A farmer walked into a hardware store and while purchasing some tools was asked by the proprietor if he would like to buy a bicycle.
“You won’t have to keep a bicycle fed,” said the storekeep, “and you can ride around your farm on it. They’re getting cheaper now, and I can let you have one for 35 dollars.”
“I’d rather put the 35 dollars into a cow,” said the farmer.
“Well,” said the hardware man sarcastically, “you’d look almighty foolish riding around your farm on a cow, now, wouldn’t you?”
“No more foolish, I guess,” said the farmer, “than I would milking a bicycle.”
An important educator once visited a primary school and proceeded to examine and question the pupils. After the pupils had answered a great many questions, he asked, “Now, is there anyone here who would like to ask me a question?”
No one replied, so he asked the question again.
Finally, one little hand went up.
“Yes, what is it?” he asked indulgently.
“Please, sir,” came a tired little voice, “what time does your train leave?”
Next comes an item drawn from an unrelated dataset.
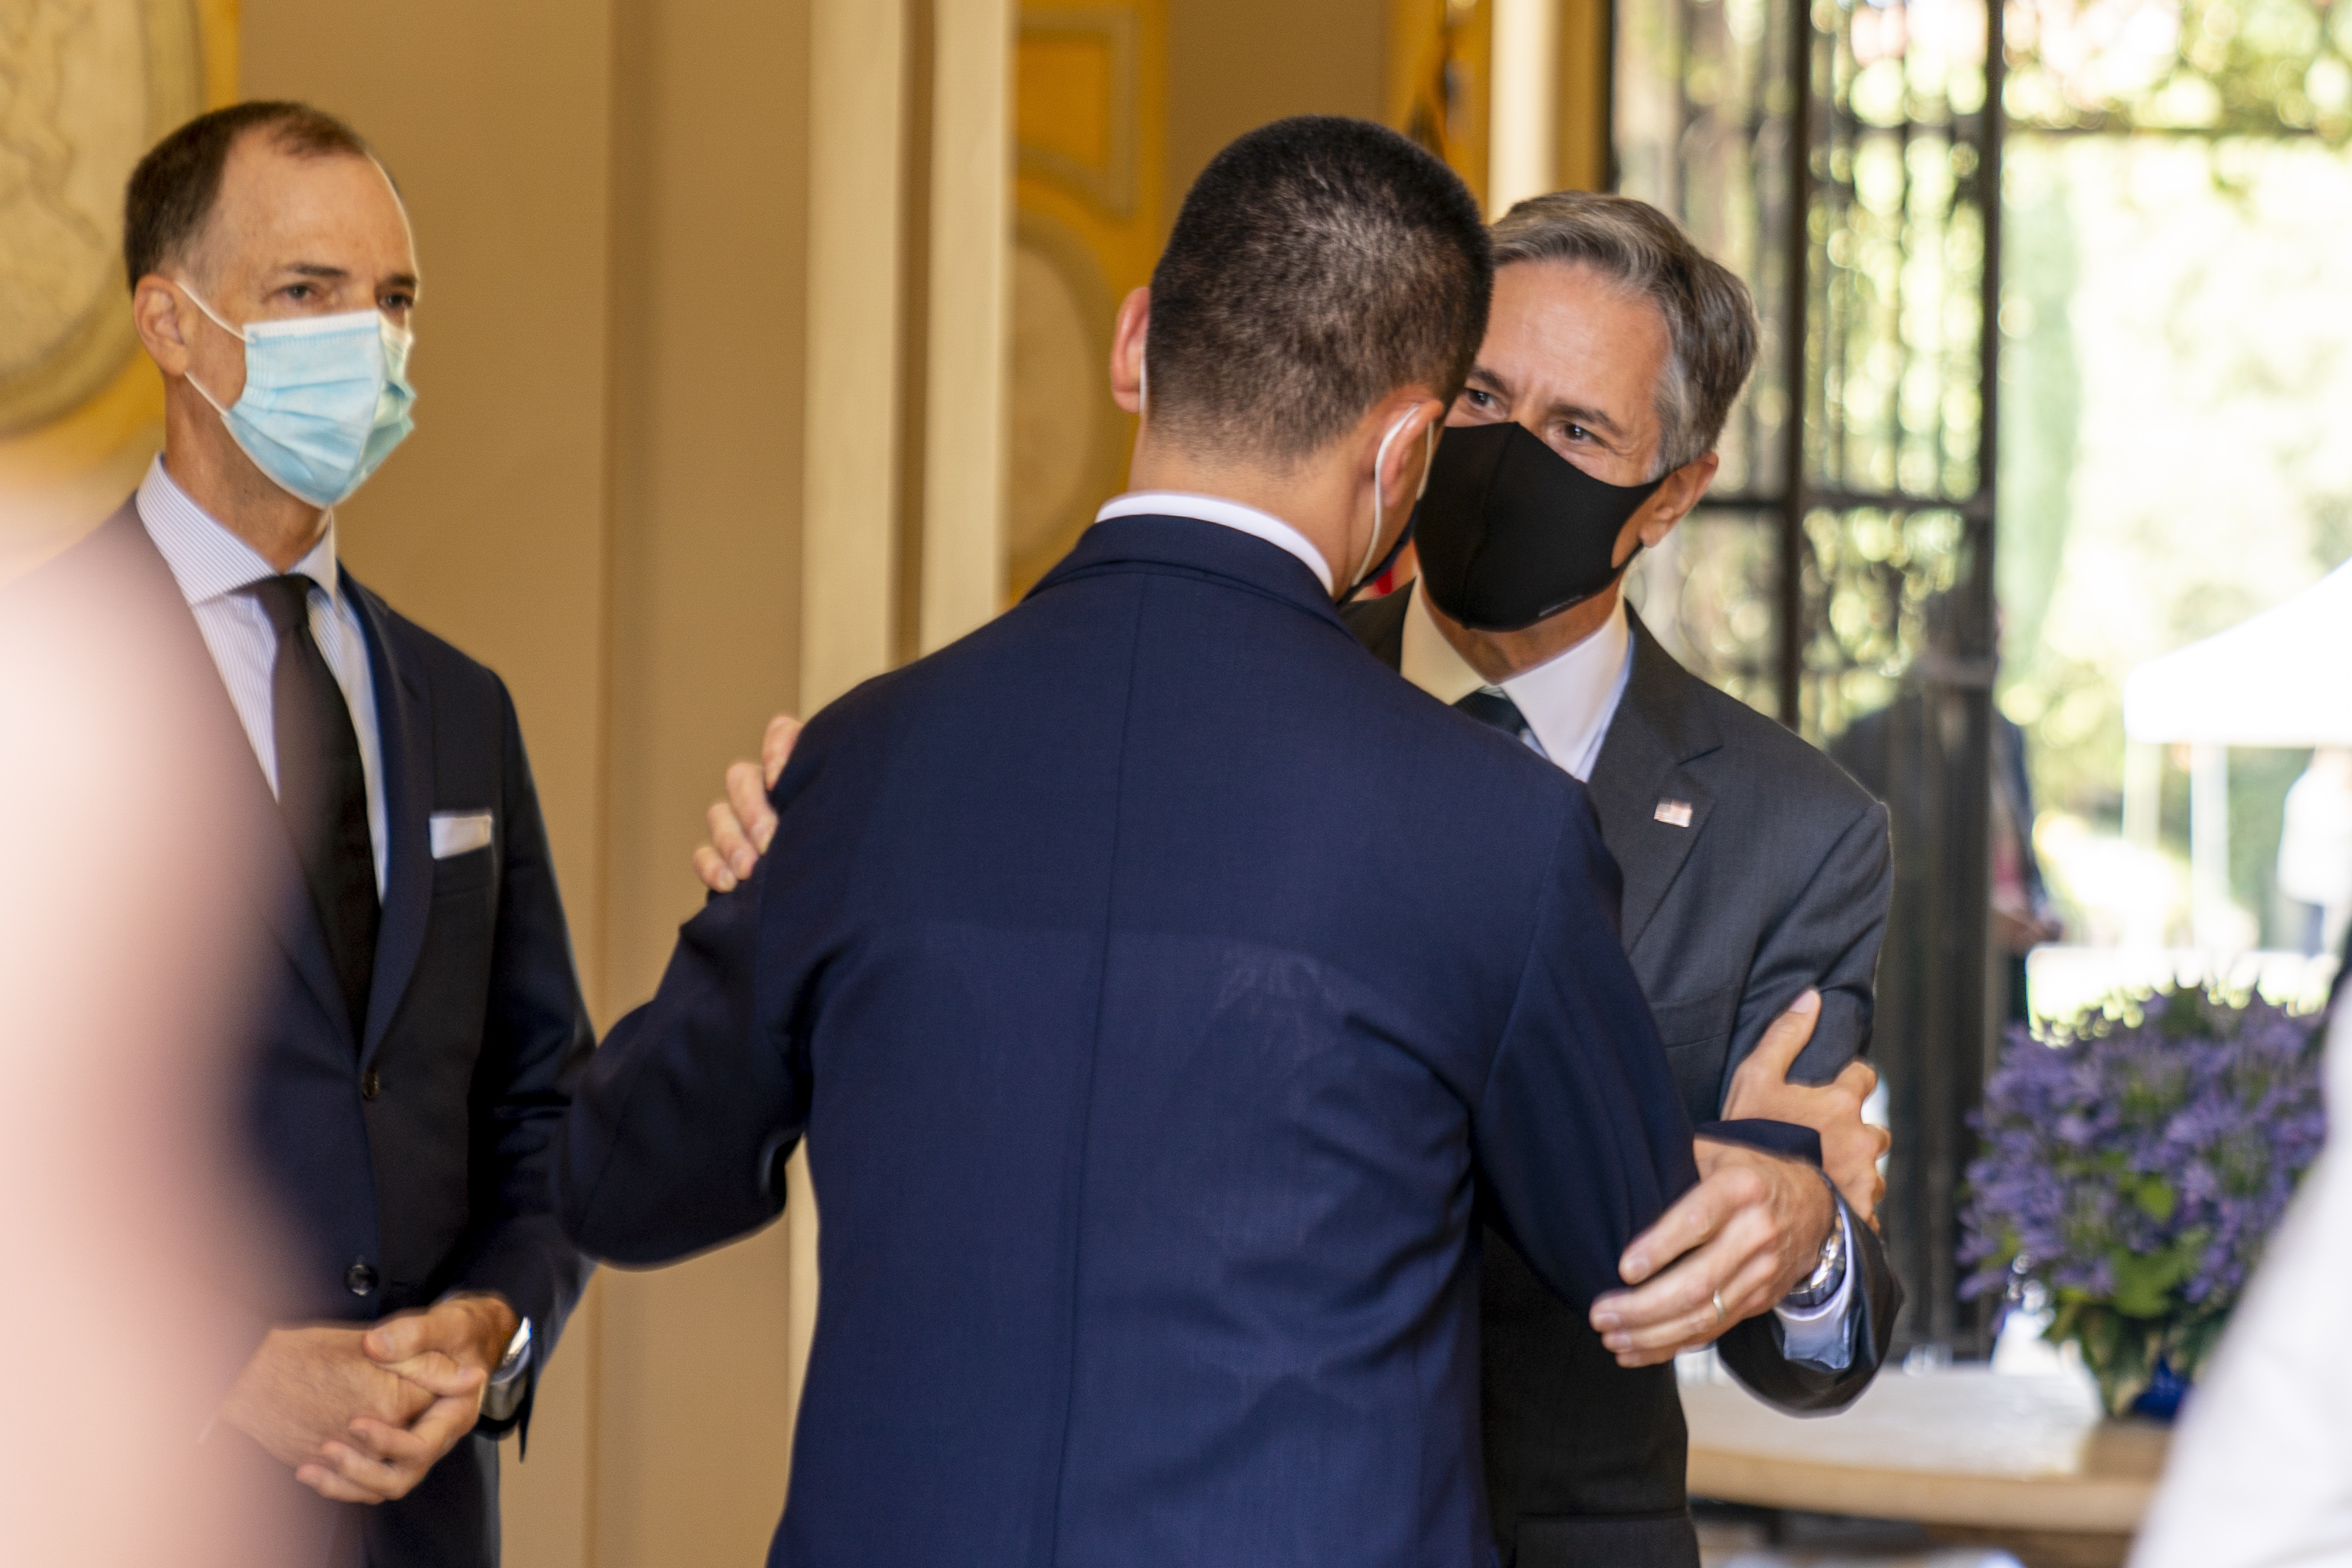 Secretary of State Antony Blinken meets with Italy's Foreign Minister Luigi Di Maio, center left, at Villa Taverna, The U.S. Ambassador's Residence in Rome, Sunday, June 27, 2021. Blinken is on a week long trip in Europe traveling to Germany, France and Italy. Also pictured is Chargé d'Affaires ad interim Thomas Smitham, left. (AP Photo/Andrew Harnik, Pool)

In Connecticut, there was a court case involving an 8-day clock, which the plaintiff claimed had been stolen.
“You get the clock,” said the judge.
“But what do I get?” asked the defendant.
“You get the 8 days.”
“The lies the dad-blamed newspapers publish about us,” said one politician to another, “are enough to drive a man to drink.”
“Yes, that’s so,” replied the other, “but still we have no cause for complaint.”
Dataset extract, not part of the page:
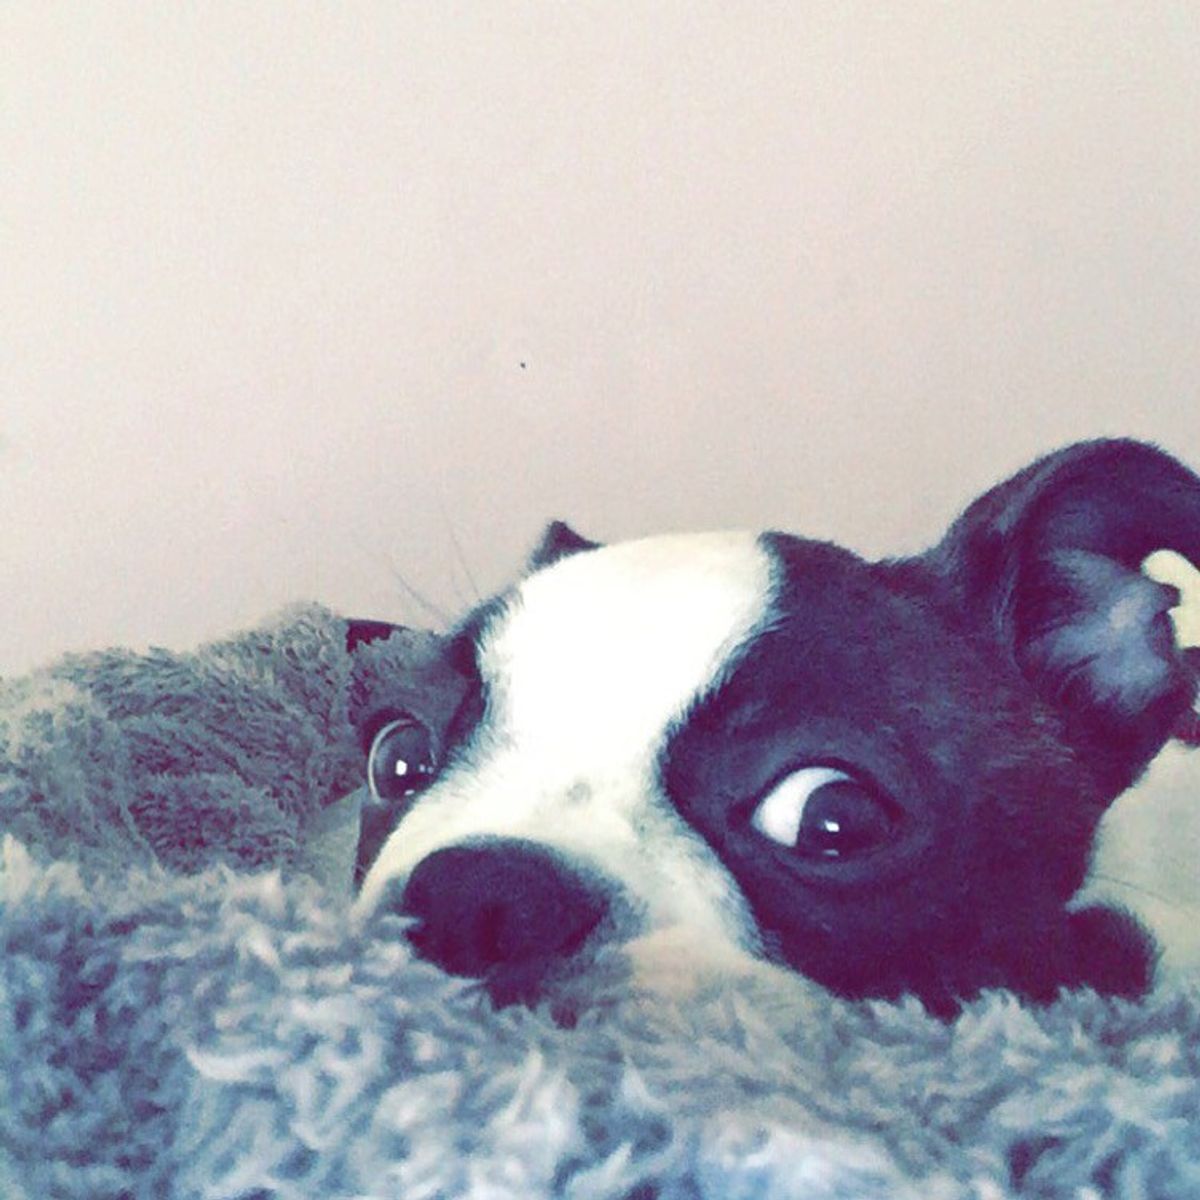 6 Reasons Why Boston Terriers Make The Best Companions

“Why not?” asked the first, in surprise.
“Well, it could be much worse,” came the reply. “They might publish the truth.”
A Sufficient Reason
“Why do you use so much tobacco?” asked an Englishman of an American.
“Because I chews,” was the reply.
At the close of a service, a certain dull clergyman announced that there would then be a meeting of the Board. All of the congregation, with the exception of the Board of Trustees and one stranger, rose and left. The clergyman waited a little and then addressed the stranger, saying, “My brother, perhaps you misunderstood me. This is to be a meeting of the Board.”
“Yes,” replied the stranger, “go right ahead. I was never so bored in all my life.”